Lawson glanced sideways at them, then walked over to tug at the cords and open one of the high windows, which were the only means of light and ventilation in this specialist room. ‘I can’t help you much, you know,’ he said. ‘It won’t take long for me to tell you what I know.’
‘Maybe not. But your tutor has been murdered, and you will understand that we need to get as clear a picture as possible of his last hours in this world, if we are to have much chance of finding out who killed him.’

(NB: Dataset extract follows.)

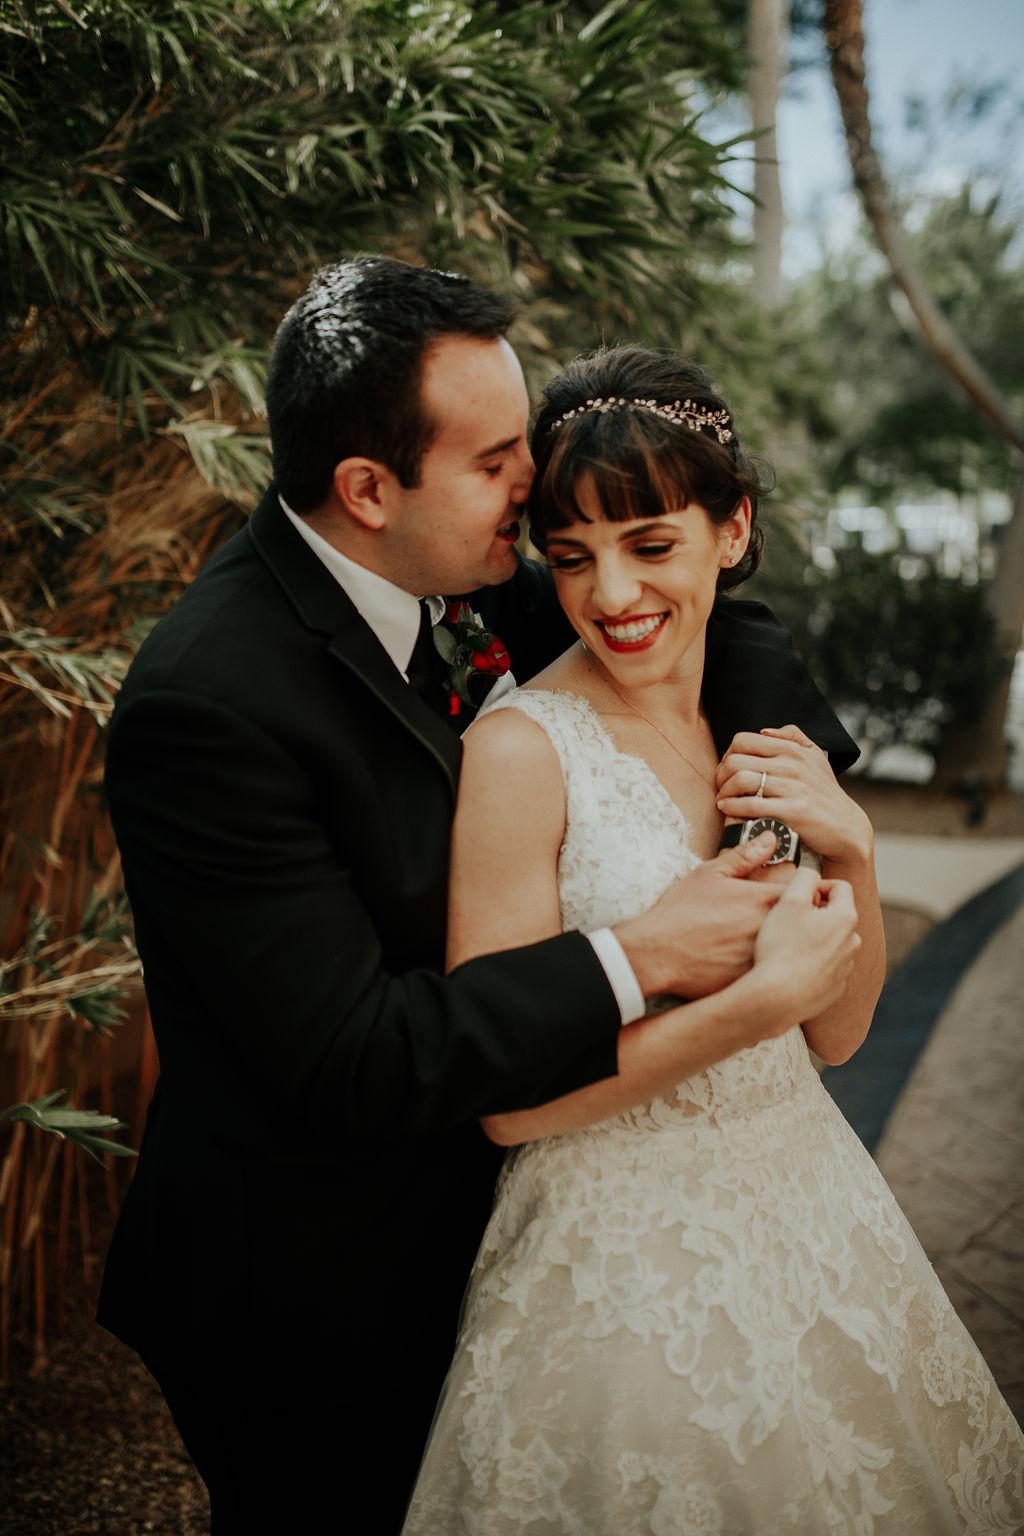 Wedding at Green Valley Ranch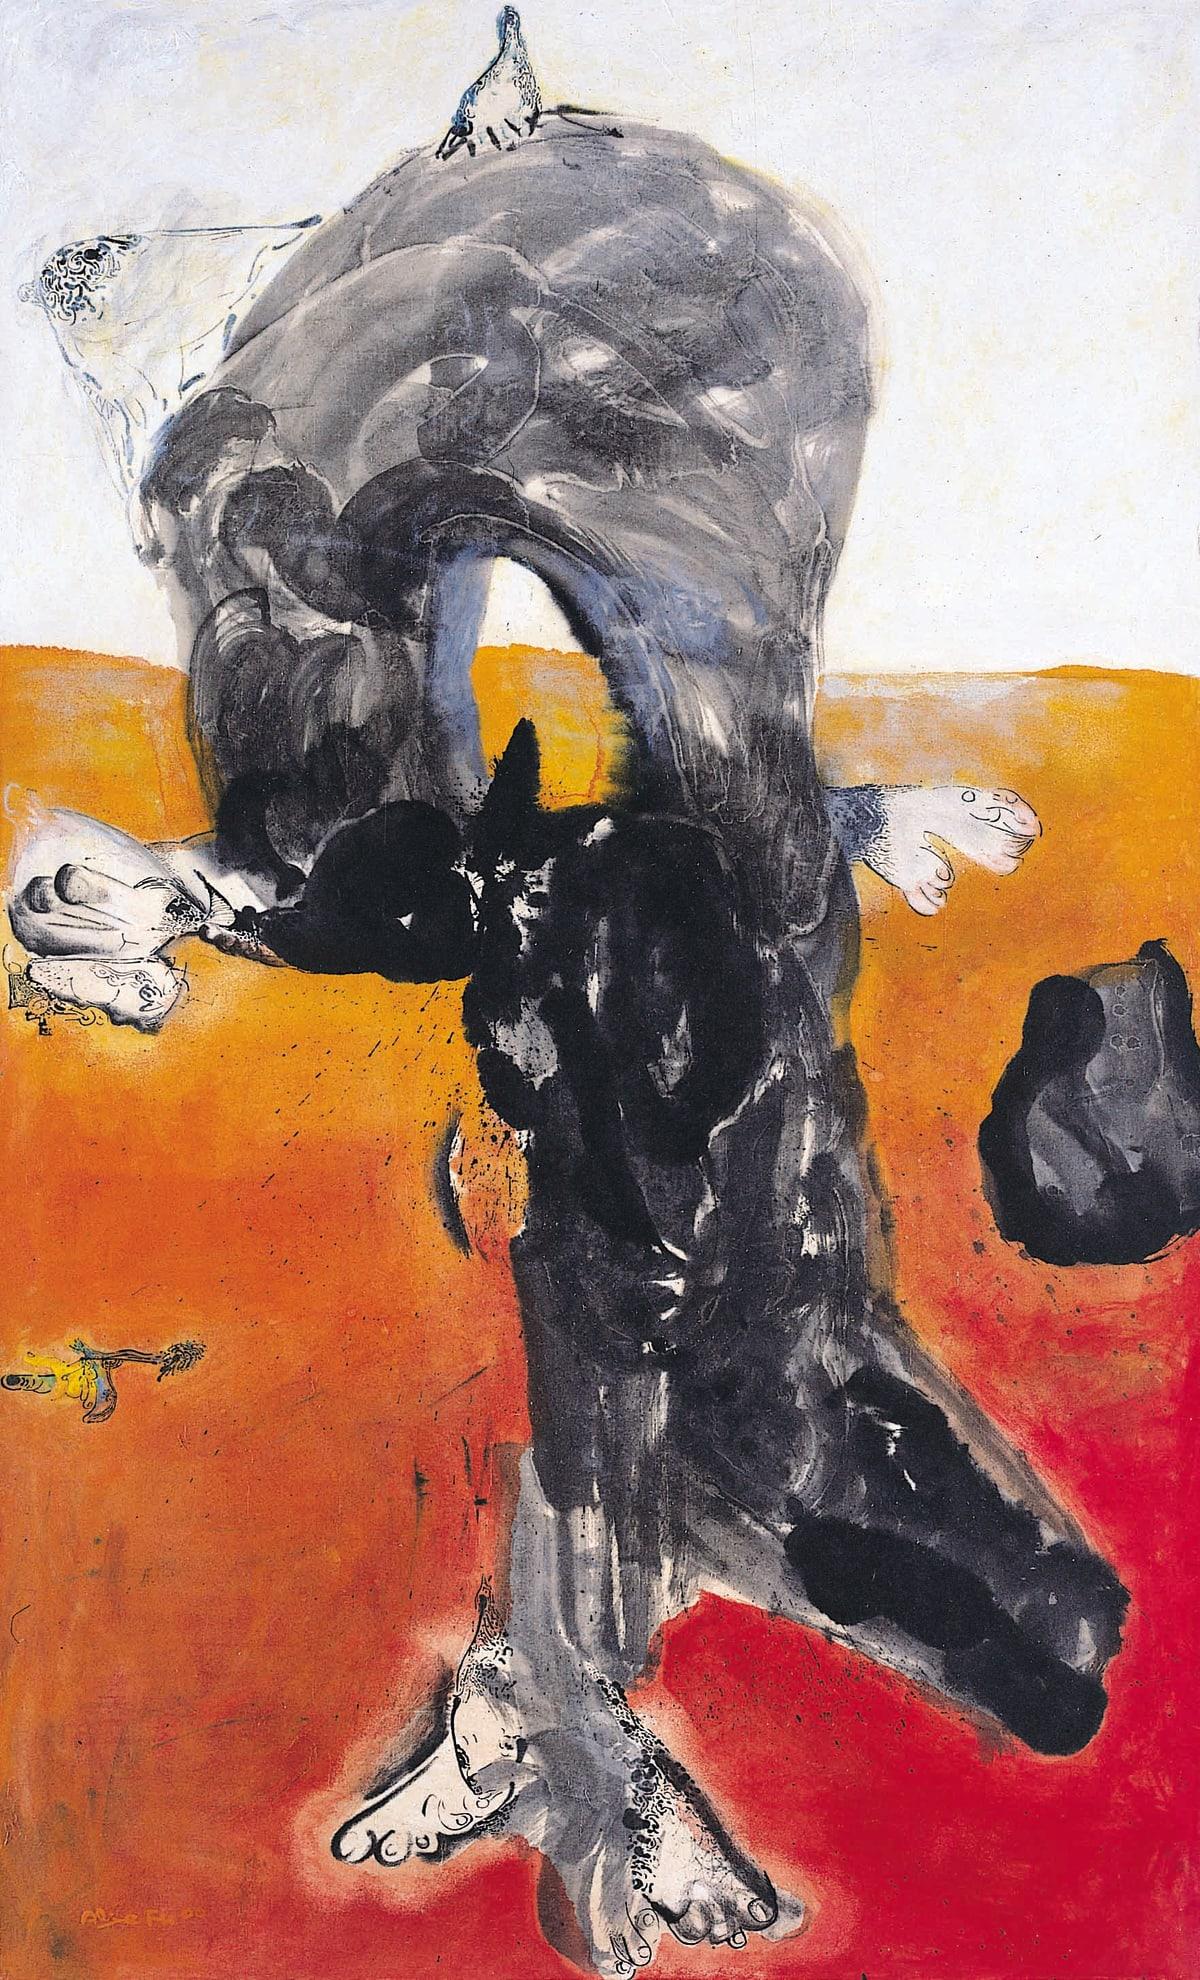 Alixe Fu, Plante-homme I, 2000

‘Yes. I don’t think I can tell you very much, that’s all.’
Methinks the young man doth protest too much, thought Bert Hook. Open University literature studies had made him prone to such quaint phrases, but he took care not to voice them among his colleagues at the station. He produced his notebook and said, ‘You were one of the last people to see Mr Upson. We need to have the details of that.’
The fair-skinned, revealing young face looked immediately shifty. ‘It was on a Friday. Not last Friday, the one before that.’
‘So we understand. But we need your confirmation. I understand that you were seeing Mr Upson in connection with some deficiencies in your work.’
‘Yes. I — er, well, I’d let myself get behind, like.’
Bert Hook, who had got up at five thirty for many months so as not to ‘get behind’ with his part-time studies with the OU, said innocently, ‘Pressure of student life got to you, did it?’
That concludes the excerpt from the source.